Dearest Raphaela Ragini Pillay,

Today, April 29, is the date that you were due to arrive in the world. It would probably not have been your birthday – your father wanted you to arrive on April 27 (because it’s a public holiday, and he likes significant dates to fall on public holidays) – and Dr O’Hanlon would probably have insisted on performing the c-section around 10 days before now. Also, there’s the awkward fact that my ex-husband would have shared a birthday with you, and that’s not the kind of coincidence anyone would feel entirely comfortable with.

Anyhow, that’s all academic, because, of course, life listens to our carefully detailed plans and laughs out loud. The record reflects that you were brought, crying in fury, into the cold bright light of a delivery room a little more than two months ago, on February 26. You were placed very briefly on my chest before being whisked off to an incubator and hooked up to probes.

RaRa at birth

You’re still a little too small for newborn clothes.

In the beginning, you were fed through a nasal tube. You looked like a sea creature, arms and legs waving like tentacles. Your colour was as changeable as a squid. Your father and I calibrated our moods for the day according to how much weight you had gained.

RaRa in NICU

In the early days, I was terrified that you might die, and I didn’t know how I would cope with weeks and weeks of NICU.

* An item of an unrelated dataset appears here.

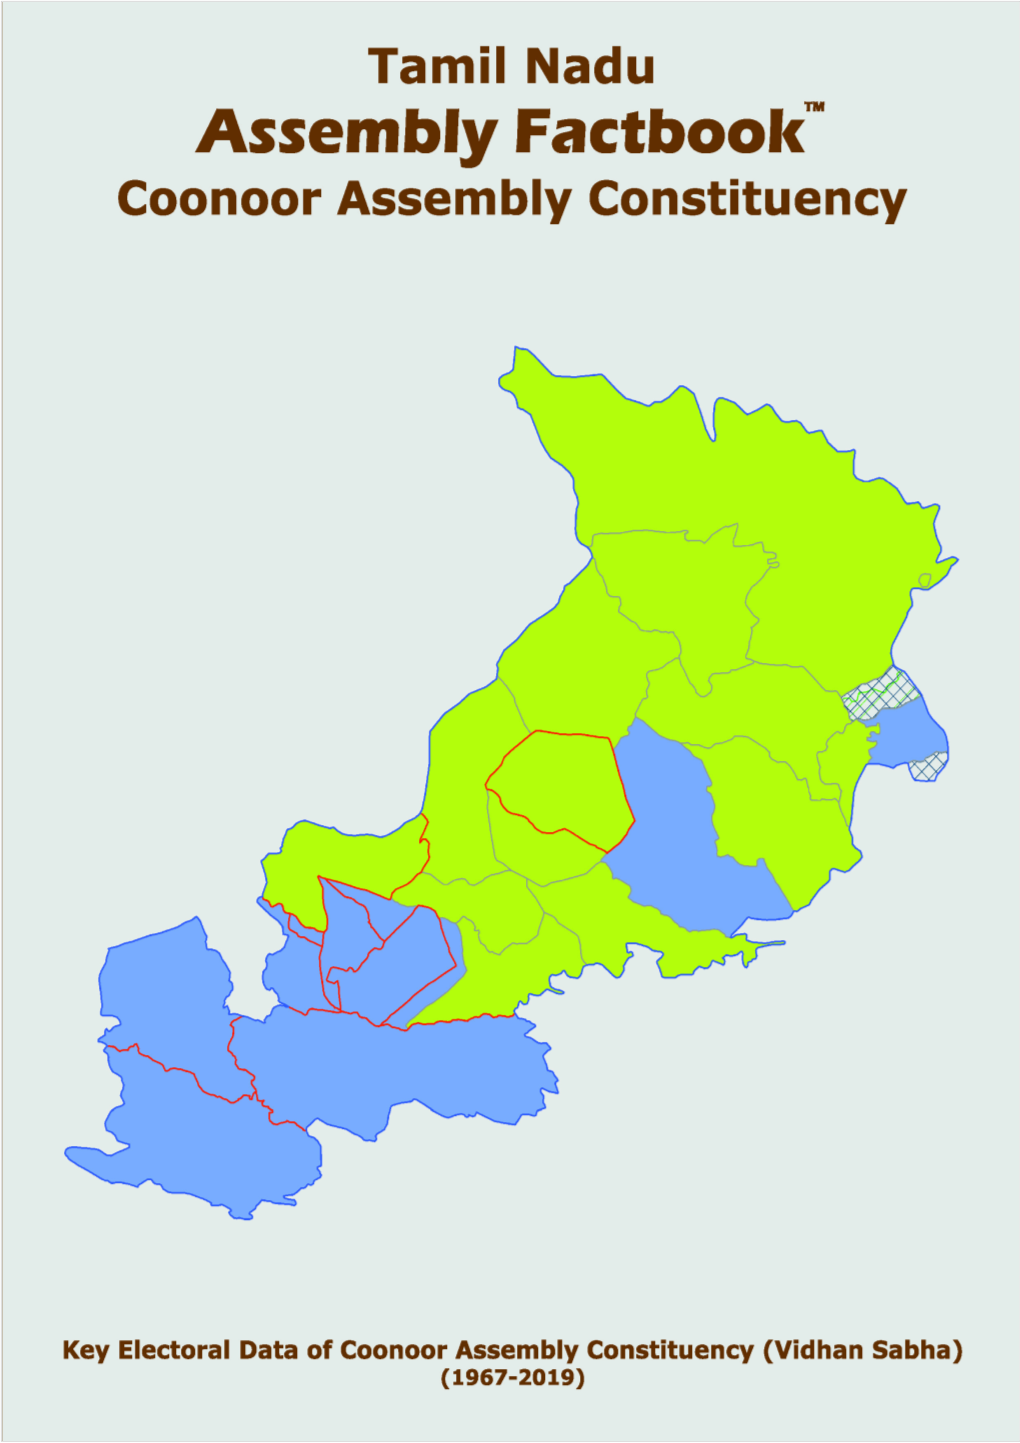 Coonoor Assembly Tamil Nadu Factbook

When you were inside me, and I could feel the fluttering of your first kicks, I couldn’t wait to get to know you. In two months of looking at you (and you looking back at me), I have watched you develop an entire a repertoire of faces. There is alabaster angel when you are sleeping and calm; angry tomato (self explanatory); also grumpy old man, Stephen Hawking and – this is the one I love the most – naughty elf.  Watching your face change from one to the other is fascinating and when it happens, time slips past unnoticed.

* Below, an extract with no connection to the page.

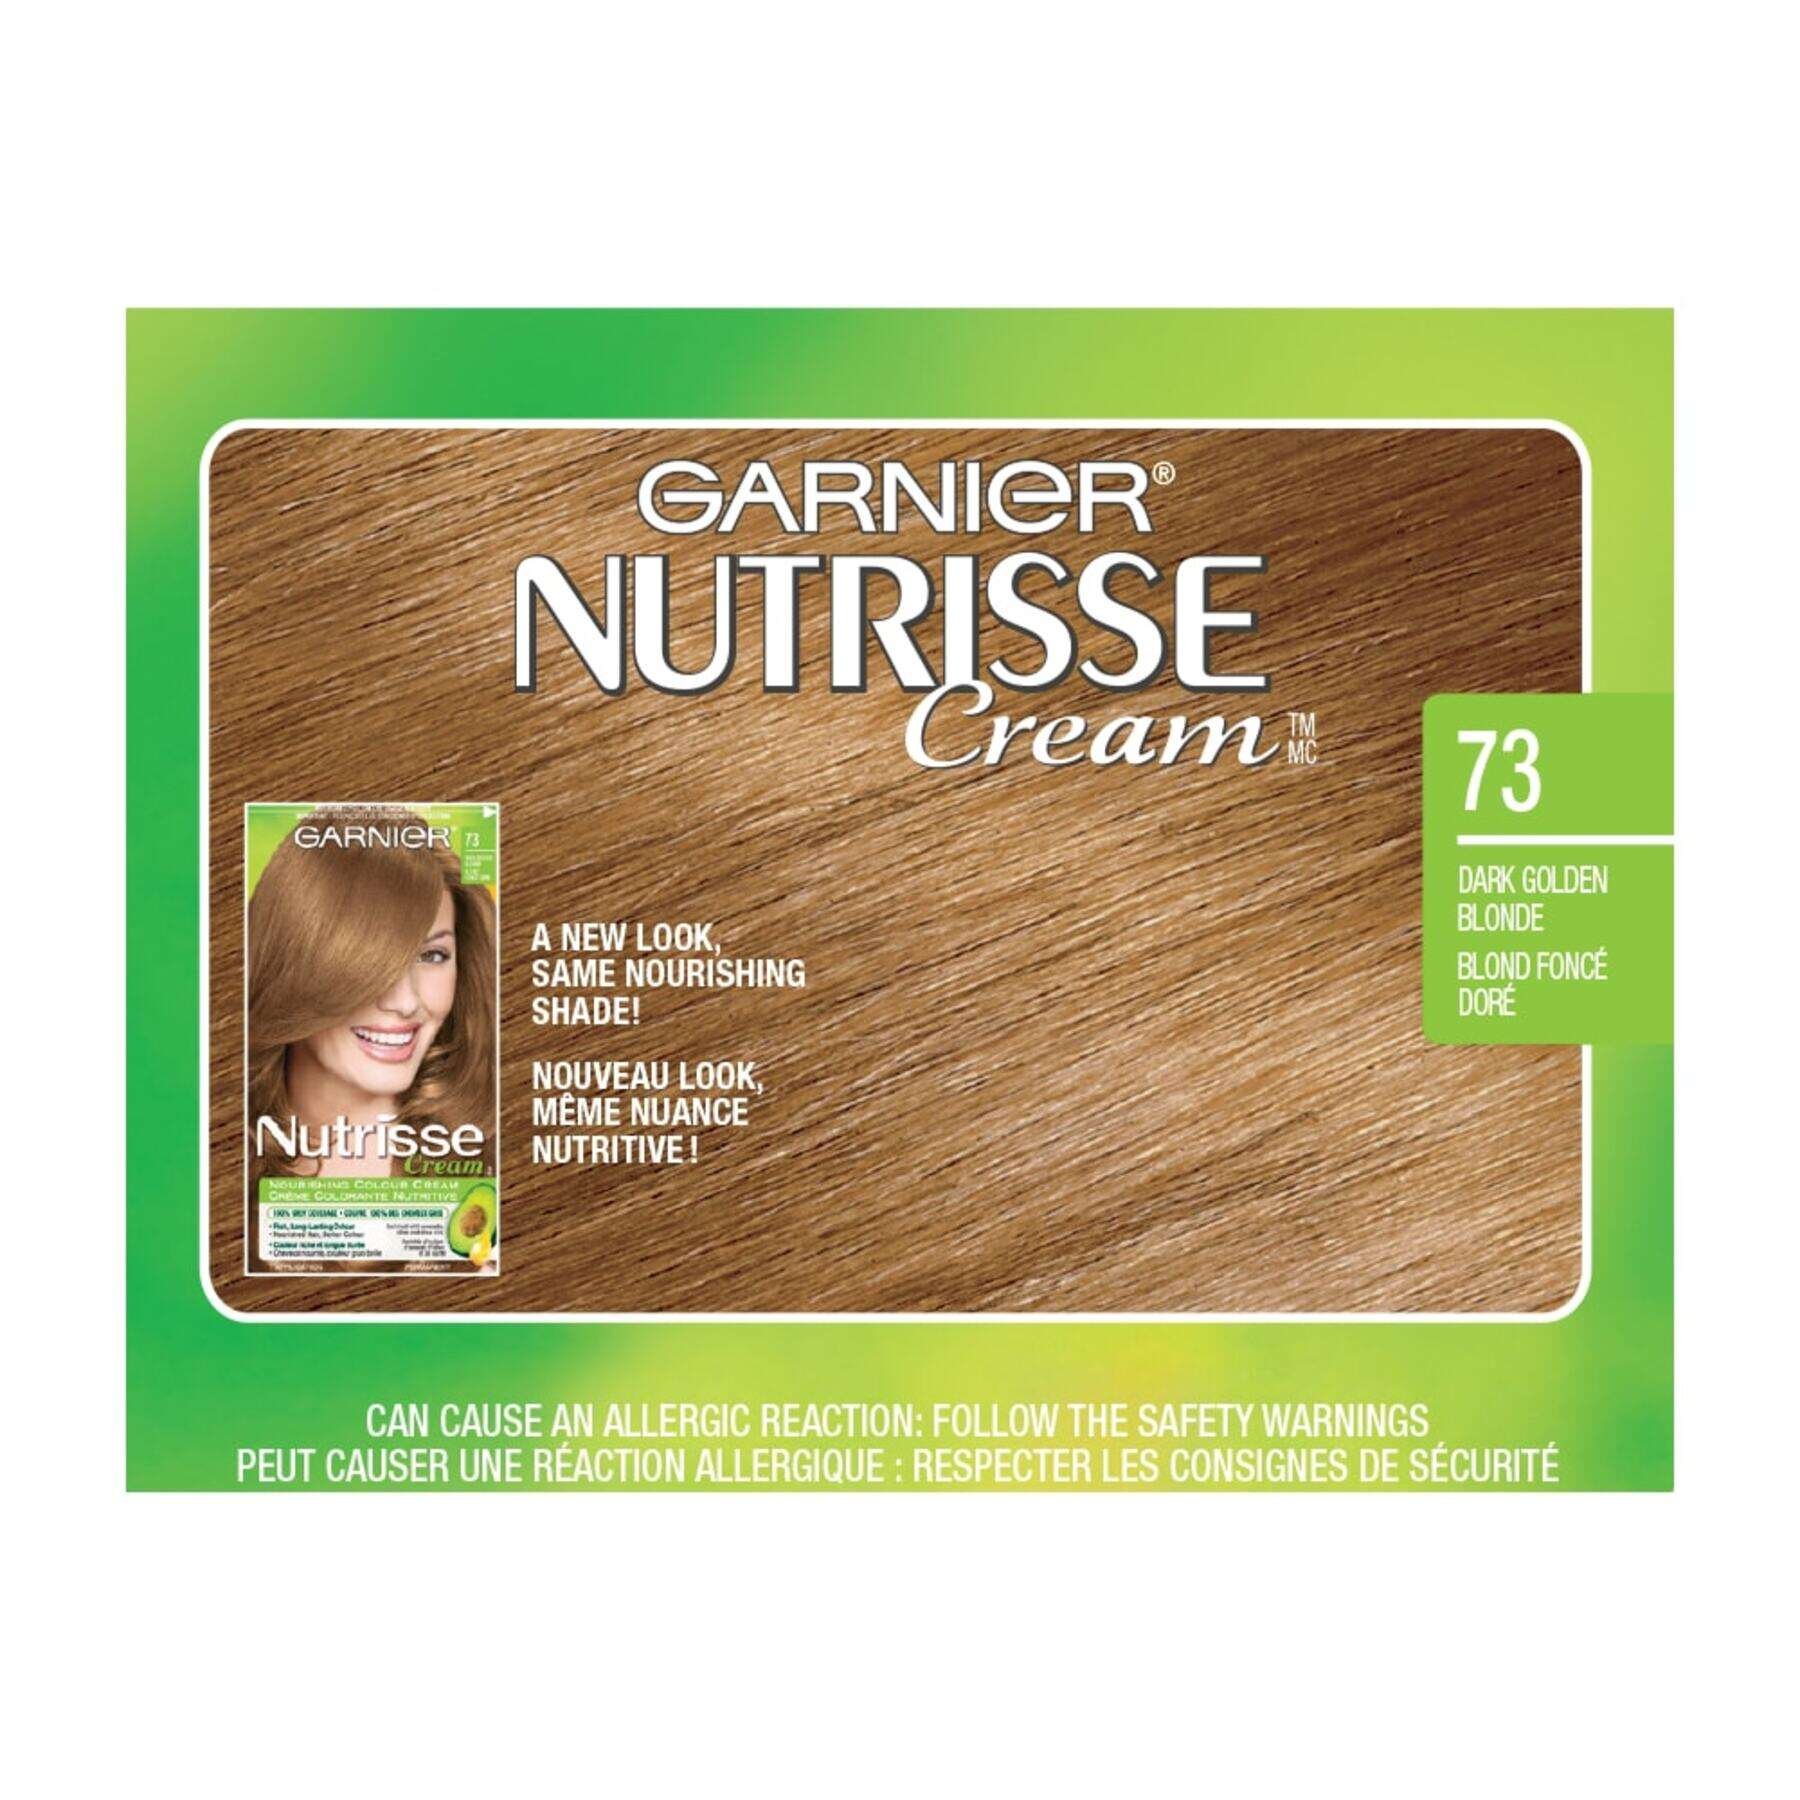 garnier hair dye nutrisse cream 73 dark golden blonde 0770103447216 swatch

(I wonder whether the first hints of character I see in your face will emerge in the fullness of time, or whether I’m just projecting. But you do seem to be a funny girl. You’re already good at making your father laugh.)

RaRa being changed Mia

Your sister Aura calls you squishy pink thing. Mia sings to you and sketches you while you’re being bathed and dressed (cue the angry tomato). Your grandmother Diana, who had seen you every Sunday in NICU, was pleasantly surprised when she visited you at home, and said that you are beautiful. You have Facebook friends who love seeing updates about you. You don’t know about them yet, but I am sure that one day they will tell you all about what you were like when you were little.

You sleep with one hand resting on your cheek, as though considering the state of the world. (Perhaps you are.) The tiniest sound you make is enough to stir me from the deepest sleep. I listen to your musical chuckles and marvel at the power you have to move me. I try not to think too much of the responsibility, because it is huge and marvellous and also, frankly, terrifying. Instead, I gaze at you and tether myself to the present moment, which matters more than any moment before or after.

RaRa with Sarah

You are my magnetic north, a soft and urgent tug at my centre wherever I go. We have had two months to get to know one another, two months more than I imagined. I’m looking forward to our adventure together in the world, my dearest Ra-Ra.

I love you so very much. A very happy unbirthday to you.

xxx

 

3 thoughts on “A very happy unbirthday to you

  1. Gorgeous little birthday girl!
    Mind, I wouldn’t say “unbirthday’…
    When my daughter found out that she had originally been scheduled for a March 1 launch, but had fired prematurely on February 1, she decided that there have to be two birthdays. “First birthday” and “second birthday”.
    Luckily, she had come early. Her great-gran (my gran, 95) was failing in health, although still had her wits about her. The two got to meet a couple of times. And gran left us on the day that E was supposed to be born.